Overview:
Open Wearables is an open-source platform that unifies health data from multiple wearable providers through a single API. It solves the problem of integrating individually with services like Garmin, Whoop, and Apple Health by providing normalized data access and AI-powered automations. The platform targets developers building health applications, researchers collecting standardized data, and individuals who want to self-host for full control over their own wearable information.
Core Features:
Unified API: Access normalized health data (heart rate, sleep, activity, steps) from multiple wearable providers through a consistent REST API.
Developer Portal Dashboard: Web-based interface for managing users, viewing connection statistics, and generating API keys.

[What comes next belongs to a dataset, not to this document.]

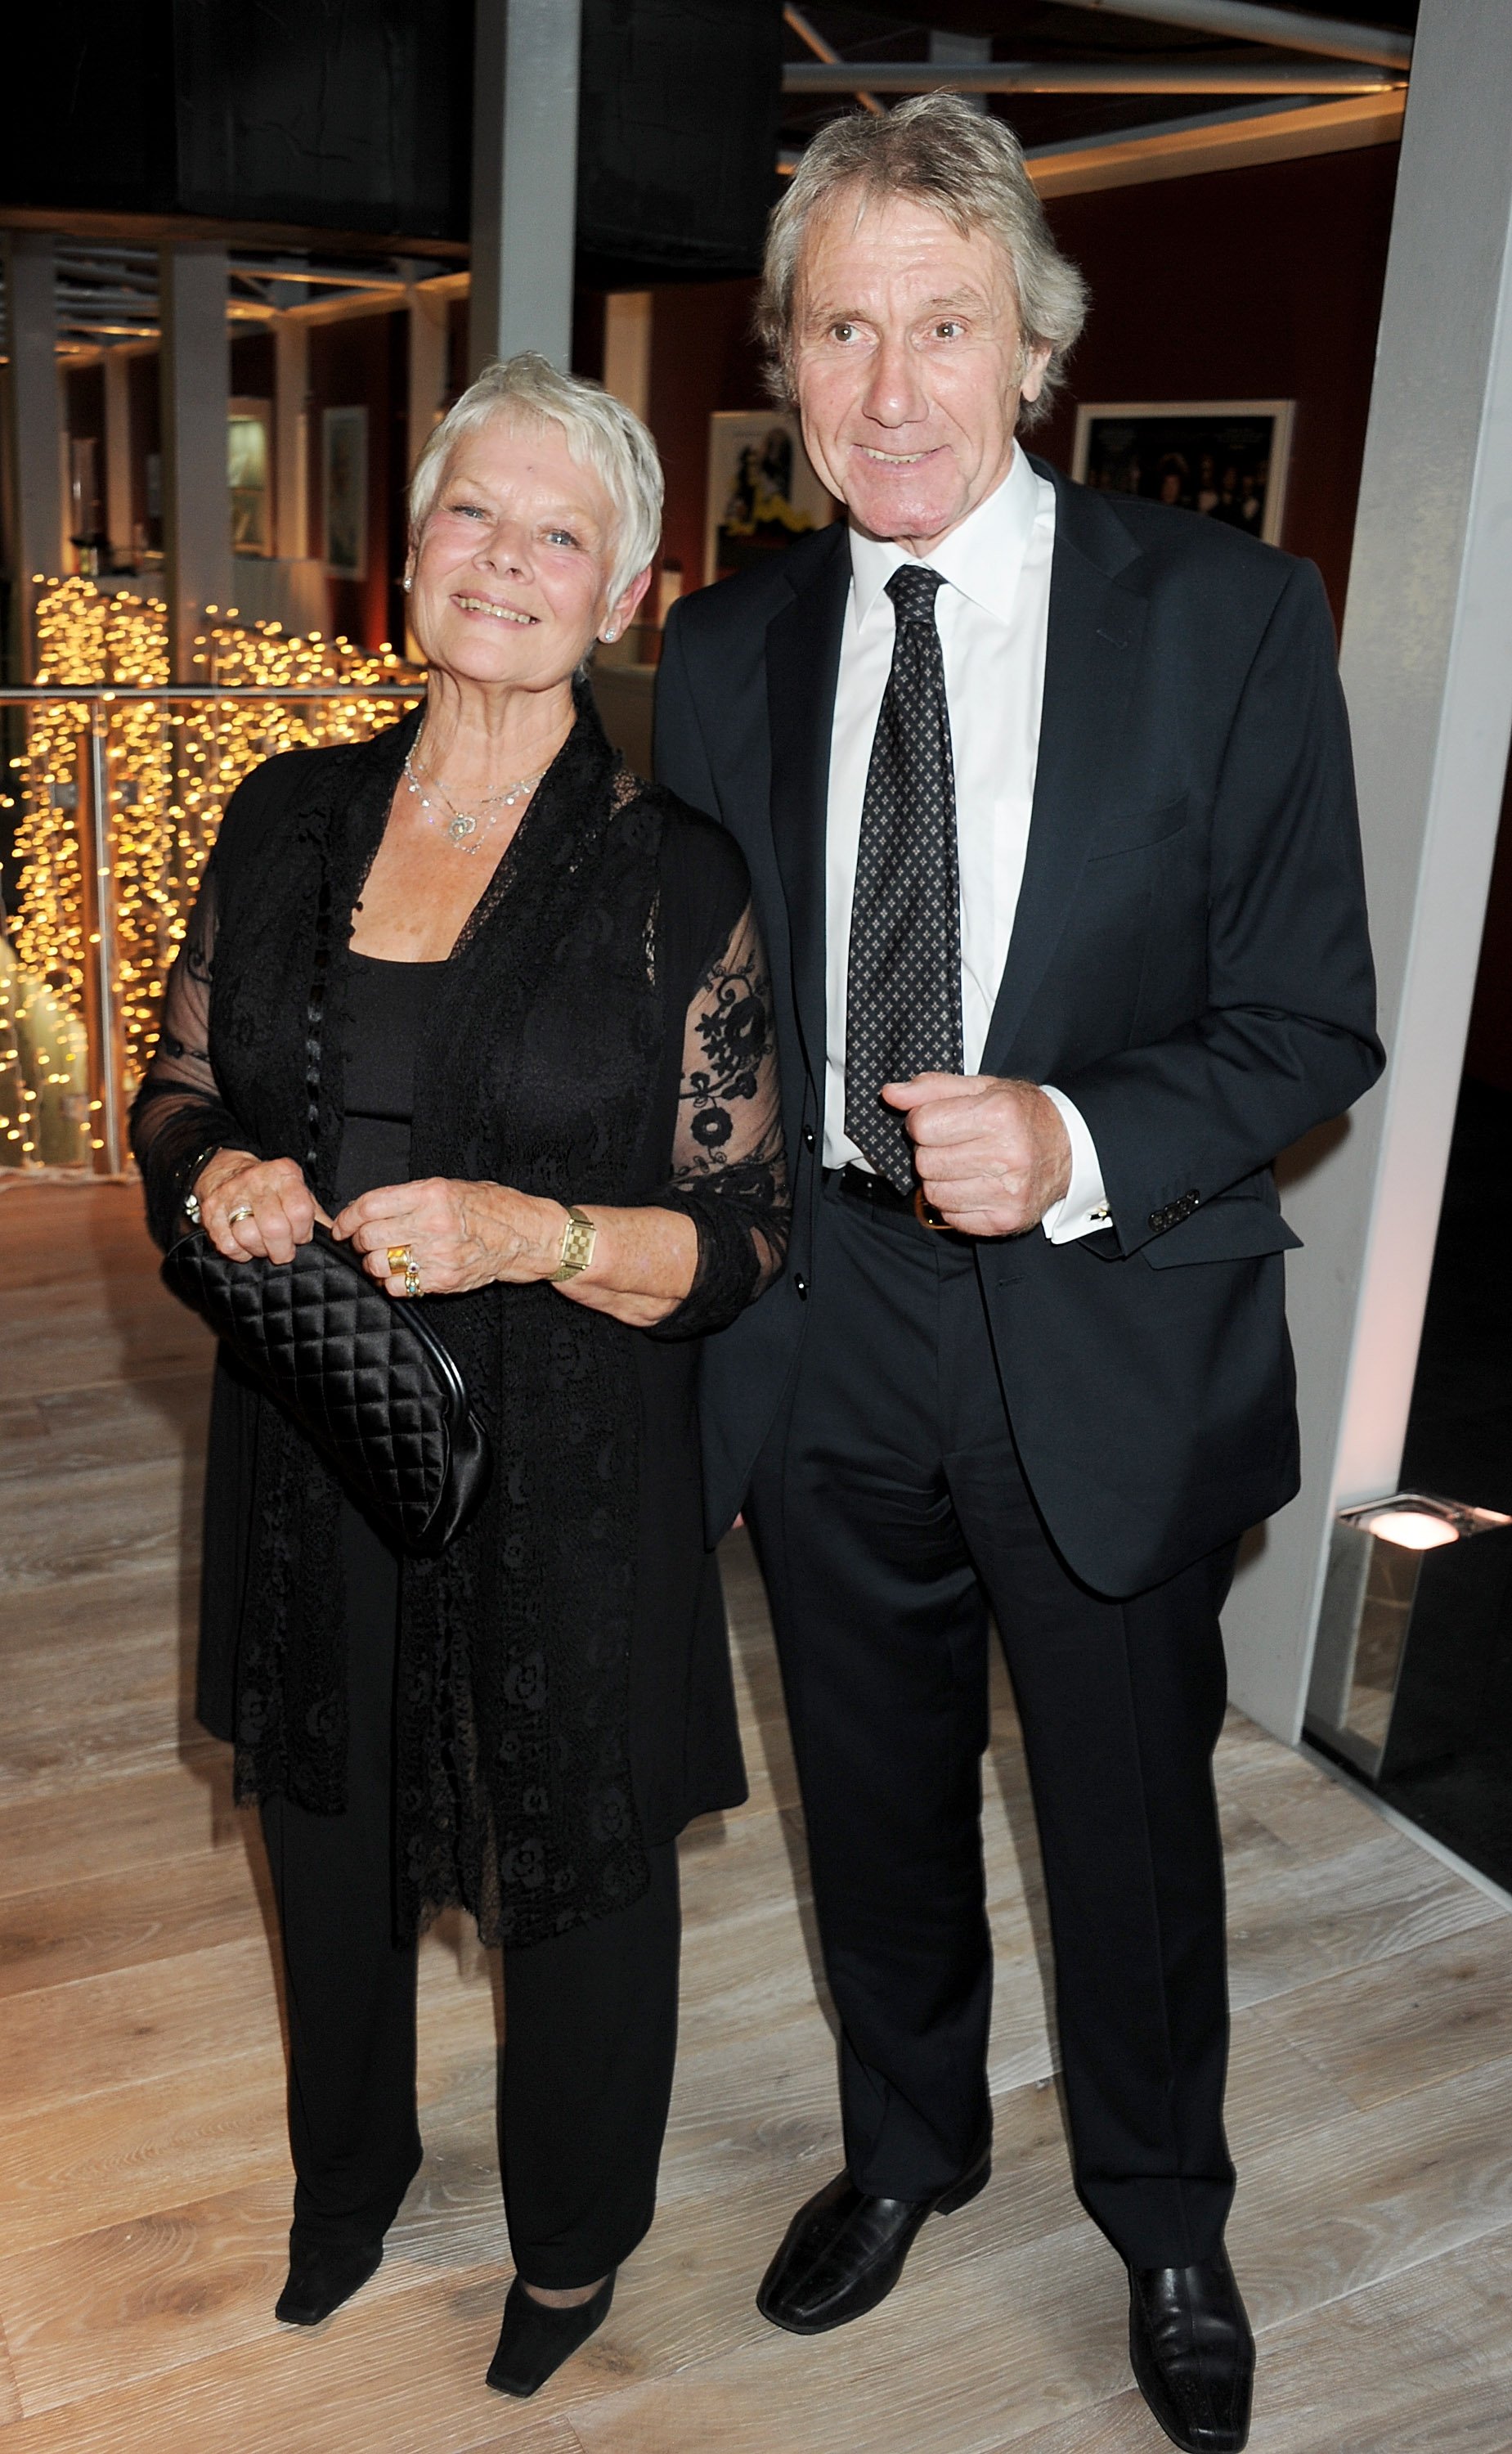 Judi Dench and David Mills attend the BFI Chairman's Dinner at BFI Southbank on June 22, 2011 in London, England ┃Source: Getty Images

Mobile Sync SDKs: Native SDKs for iOS (Swift), Android (Kotlin), Flutter (Dart), and React Native (TypeScript) for push-based health data sync from on-device stores.
OAuth Flow Management: Simplified connection process for end users via generated connection links or an SDK widget.
Health Insights Automations (Coming Soon): Define natural language conditions to trigger webhook notifications on health data events.
AI Health Assistant (Coming Soon): Embeddable chat interface for querying user health metrics with customizable AI models.
Use Cases:
Fitness Coaching Apps: Connect user wearables to provide personalized training recommendations, with capabilities for creating users and sharing connection links.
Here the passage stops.